By Susan Partovi
I met “Carrie” while making rounds at the Los Angeles County women’s jail with a group of mental health professionals.
A woman in her mid-50s, she had no clue what day it was.
Naked and thin, Carrie ambled over, peering through the muddied glass of her jail cell. But it was not mud on the glass. She had streaked feces on it, and all over her body.
“Ms. Carrie? Hi. I’m Doctor Partovi,” I said. She bent over, fixated on an imaginary circuit board.
“A, B, C. That goes in A, then you go in B,” she muttered.
“Ms. Carrie, do you take any medications?” I asked.
She replied, “Yes, the vitamins go in A, but what about B…?!?”
Whenever I encounter people with severe mental illnesses they break my heart. Carrie was no different. I fought back tears.
One of the group’s psychologists asked, “That bad?”
“She’s our number one, then,” the psychologist announced, indicating that Carrie would be sent to the jail’s psychiatric hospital as soon as a treatment bed became available.
There are now fewer psychiatric hospital beds in the United States per capita than at any time since the 1850s, but by a stroke of luck, Carrie was placed later that day. She would receive the care she needed and deserved.
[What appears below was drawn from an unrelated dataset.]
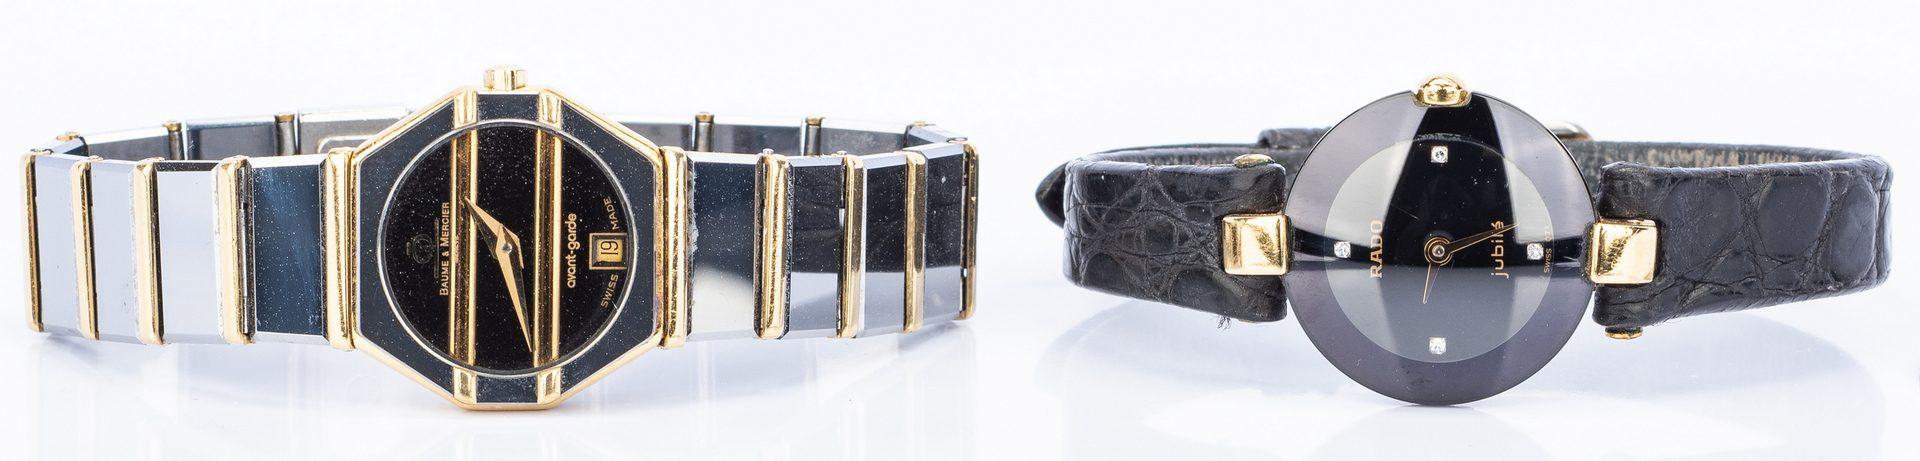 Lot 148: Lady's Baume & Mercier & RADO Watches, 2 items
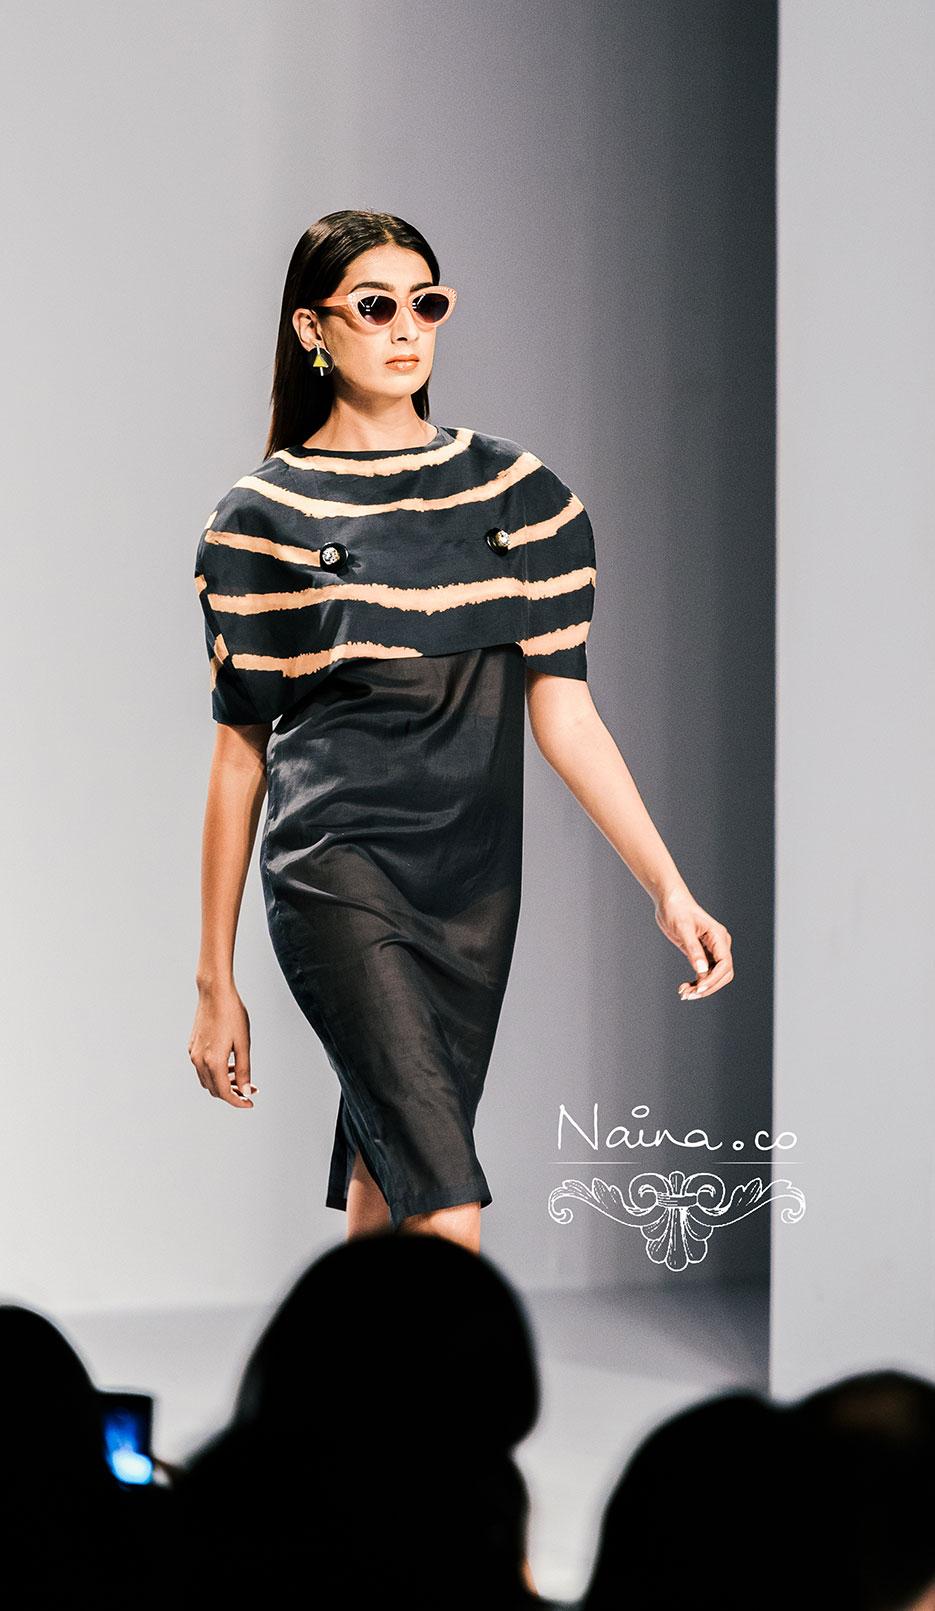 Wills Lifestyle India Fashion Week, Spring Summer 2013. Shivan Narresh beachwear/swimwear ZIP by photographer Naina Redhu of Naina.co

Some people with severe mental illnesses like schizophrenia and bipolar disorder need to be involuntarily hospitalized and medicated. Most become remarkably more lucid after a few days and voluntarily accept prescribed medication. Their responsiveness to treatment underscores my belief that they do not belong in the correctional system.
The mental health clinicians I know strive to provide compassionate care for people like Carrie behind bars, but there is only so much one can do. Jails create a perfect storm for someone with a severe mental illness. Being locked in a cold cell with one’s hallucinations only invites further psychiatric deterioration.
However, we have created a system in which the severely ill – people like Carrie – are incarcerated, in part, because they have nowhere else to go.
At least one-third of chronically homeless adults in California now have a severe mental illness, along with more than 20 percent of inmates at the Los Angeles County Jail. Many are there for petty offenses, like stealing a bag of chips.
Society also seems to operate under the false assumption that Carrie wants to be homeless, accepts her paranoia, and decides to stand naked in the cold, smeared with feces. No. These are unwelcome symptoms of non-treatment, not rational choices.
Had I encountered Carrie in the streets, talking to her hallucinations while exposed to the elements, it would have been nearly impossible to hospitalize her involuntarily, even though a hospital stay would promote stabilization. That is shameful.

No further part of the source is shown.